OS tunables - Mongo likes to take up all the system resources. For a shared ecosystem where one physical host is hosting a bunch of mongo processes, you might want to consider specifying the wiredTiger cache size, etc. WiredTiger by default wants (System Memory Size - 1 GB) / 2. Also, you would benefit from setting ulimits to proper values - i.e., 64000 file handles per user is a good start - mongo potentially likes to use a lot of files. Also, filesystem should be mounted somewhere having xfs. This strategy is using the host system users home directory for database data directories. A more thoughtful approach could be welcomed here.

Anything else?

I am sure I am missing something. If you have any questions, please leave a comment and I will reply.

Update 1

The above docker-compose.yml file was missing the hostname attribute for some of the hosts, and this was causing balancer issues, so I have edited the docker-compose.yml to include hostname on all hosts.

Also, the addShard() method only referred to one host of the replica set. For completeness I added the other hosts to the addShard() method described above.

Following these steps will result in a brand new sharded cluster, but there are no user databases yet. As such, no user databases are sharded. So let's take a moment to add a database and shard it, then view the shard distributions (A.K.A., balancer results).

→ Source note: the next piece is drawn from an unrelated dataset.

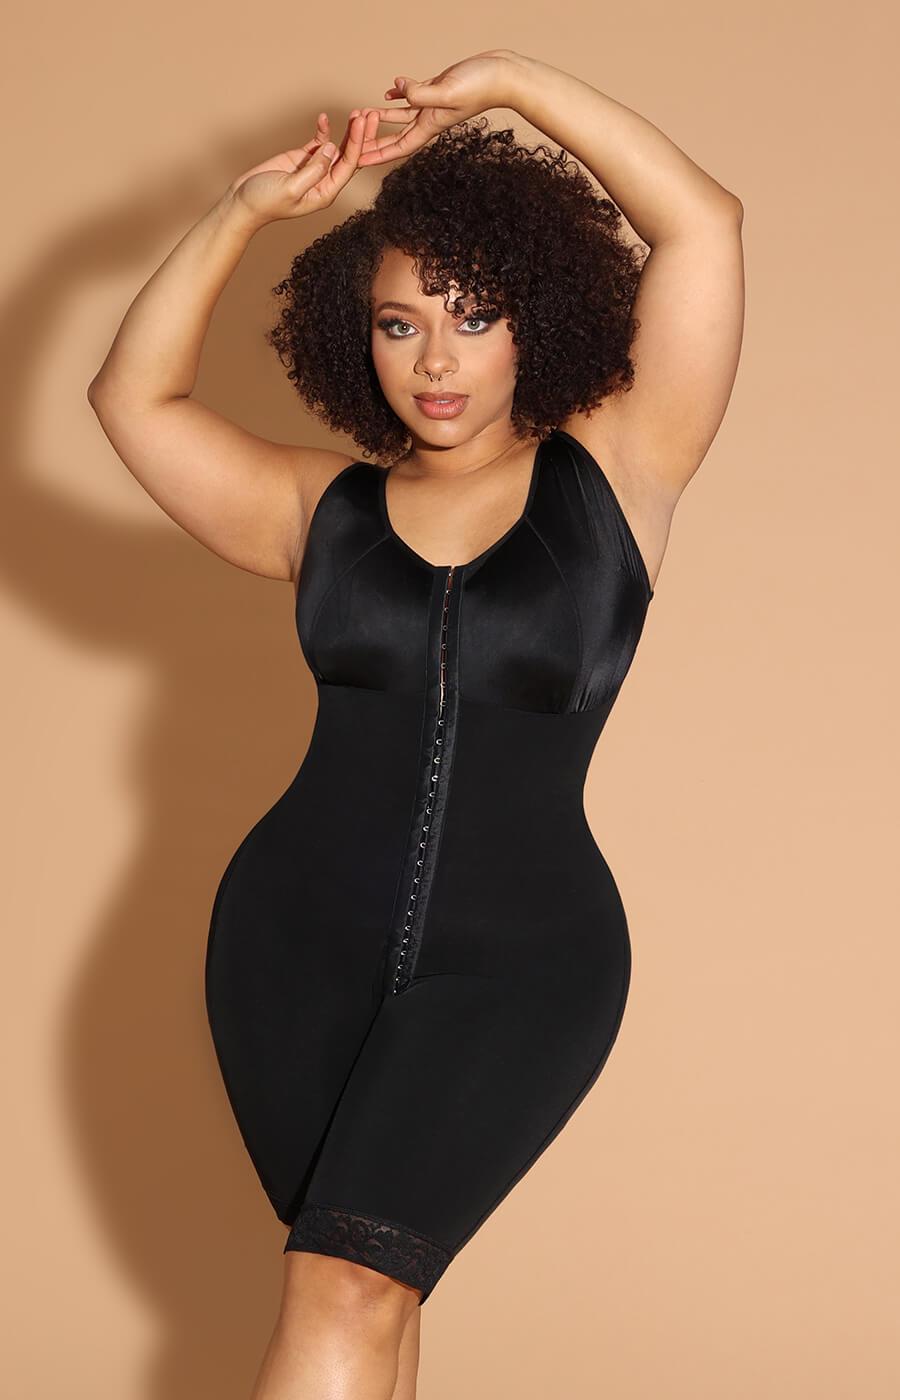 AirSlim® Full Coverage Firm Control Bodysuit with Thigh Slimmer

We must connect to the database via the mongos (as described above). This example assumes the use of the mongo shell.

mongo --host "localhost:27017,localhost:27016"

Databases in Mongo can be created a variety of ways. While there is no explicit database create command, there is an explicit create collection command (db.createCollection()). We must first set the database context using a 'use ' command...

use mydatabase
db.createCollection("mycollection")

... but rather than use this command we can create a database and collection by creating an index on a non-existing collection. (If you already created the collection, no worries, this next command should still be successful).

use mydatabase
db.mycollection.createIndex({lastName: 1, creationDate: 1})

In this example, I created a compound index on two fields...

  • lastName
  • creationDate

... on a collection that does not yet exist, on a database that does not yet exist. Once I issue this command, both the database and the collection will be created. Furthermore, I now have the basis for a shard key - the key to which sharding distribution will be based. This shard key will be based on this new index having these two fields.

Shard the database

Assuming I have issued the createIndex command, I can now turn on sharding at the database and issue the shardCollection command...

sh.enableSharding("mydatabase")
sh.shardCollection("mydatabase.mycollection", { "lastName": 1, "creationDate": 1})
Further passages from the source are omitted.